Chaning the protocoll TCP/UDP doesn´t make any difference.

The internal DNS resolver claims that it works without any problems. (Or at least I can’t find anything to the contrary).

I have now spent about half the evening/night with this problem and then noticed something strange: The Pihole shows on his dashboard constantly new DNS queries and he also forwarded messages and also answers in the log, but apparently they are ALL too slow?!? Anyway, I have with local nslookup requests directly against the Pihole also time outs.
So I entered other / faster upstream DNS servers into the PiHole. And suddenly everything worked again.

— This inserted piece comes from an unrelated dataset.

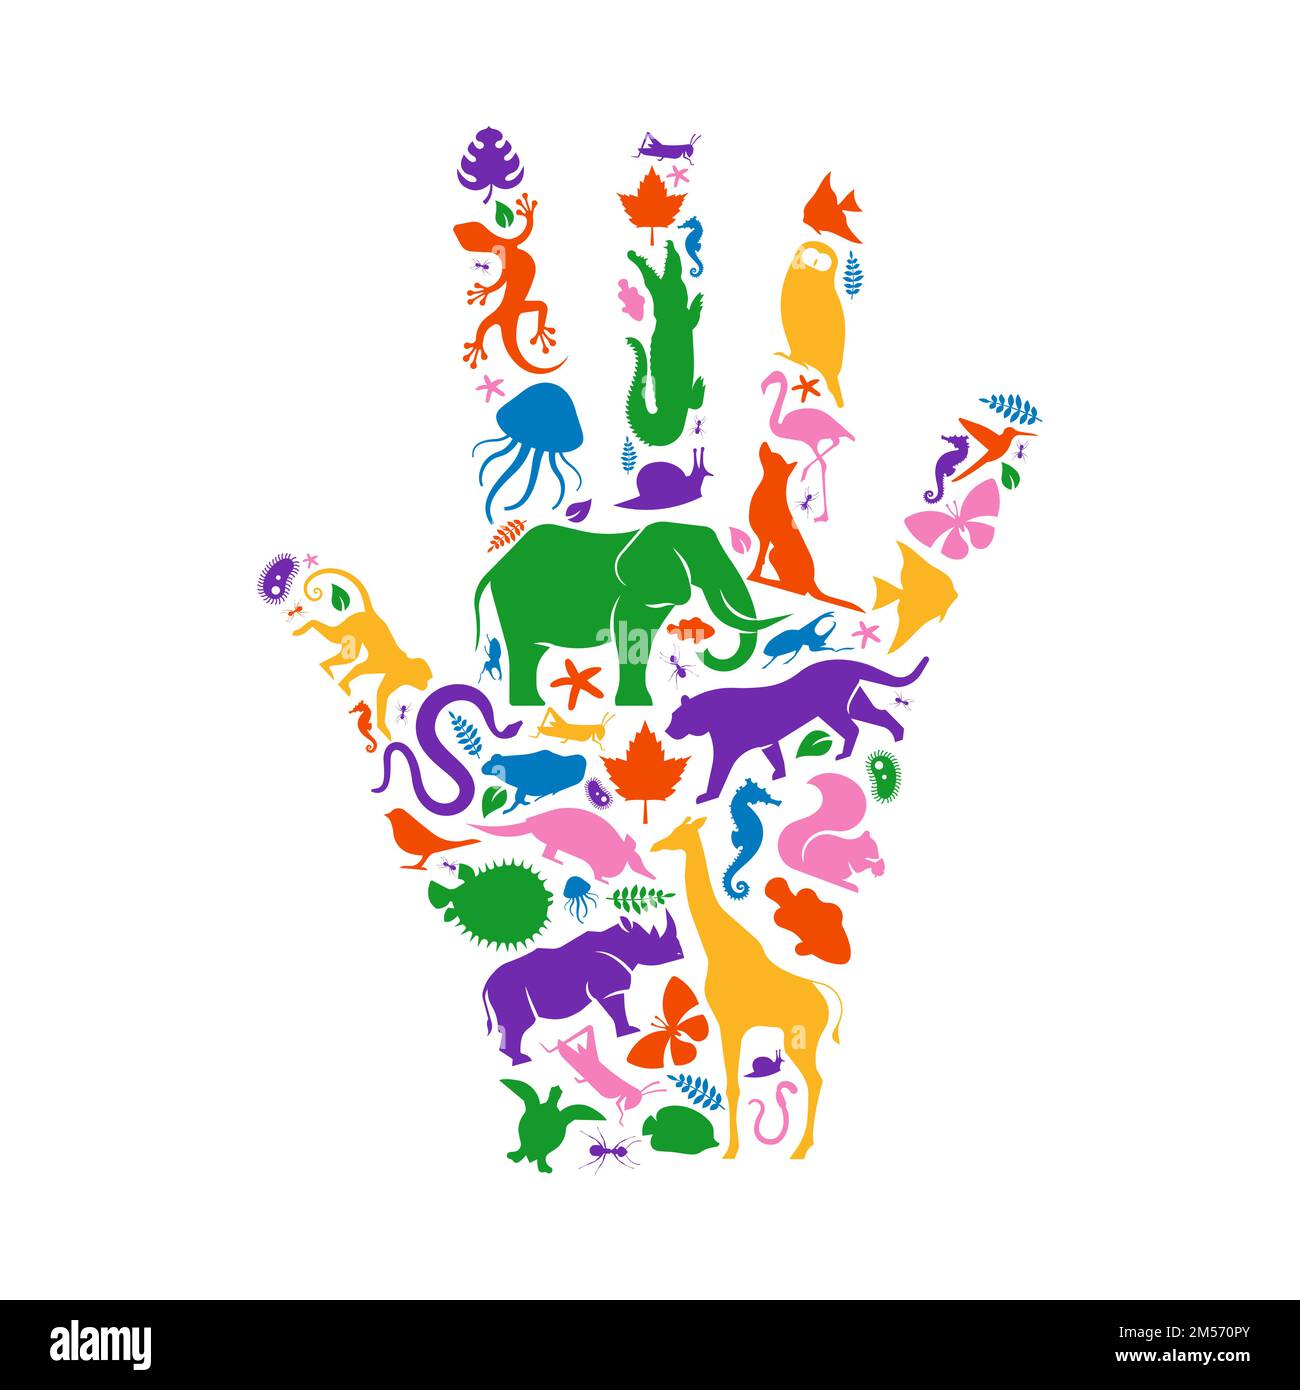 Diverses formes animales qui donnent la forme à la main humaine sur un fond blanc isolé. Illustration de la silhouette d'animaux colorés pour la biodiversité sauvage concep Illustration de Vecteur

As unlikely as it sounds. It seems that simply ALL DNS servers that I have specified as upstream resolvers in Pihole and ipfire are ( currently ) too slow. I’ve had the Pihole (and the list of DNS servers) for a long time, much longer than the ipfire. But I never had this behavior before!

Anyway, looks like the topic could be closed here again. Definitely not an ipfire problem.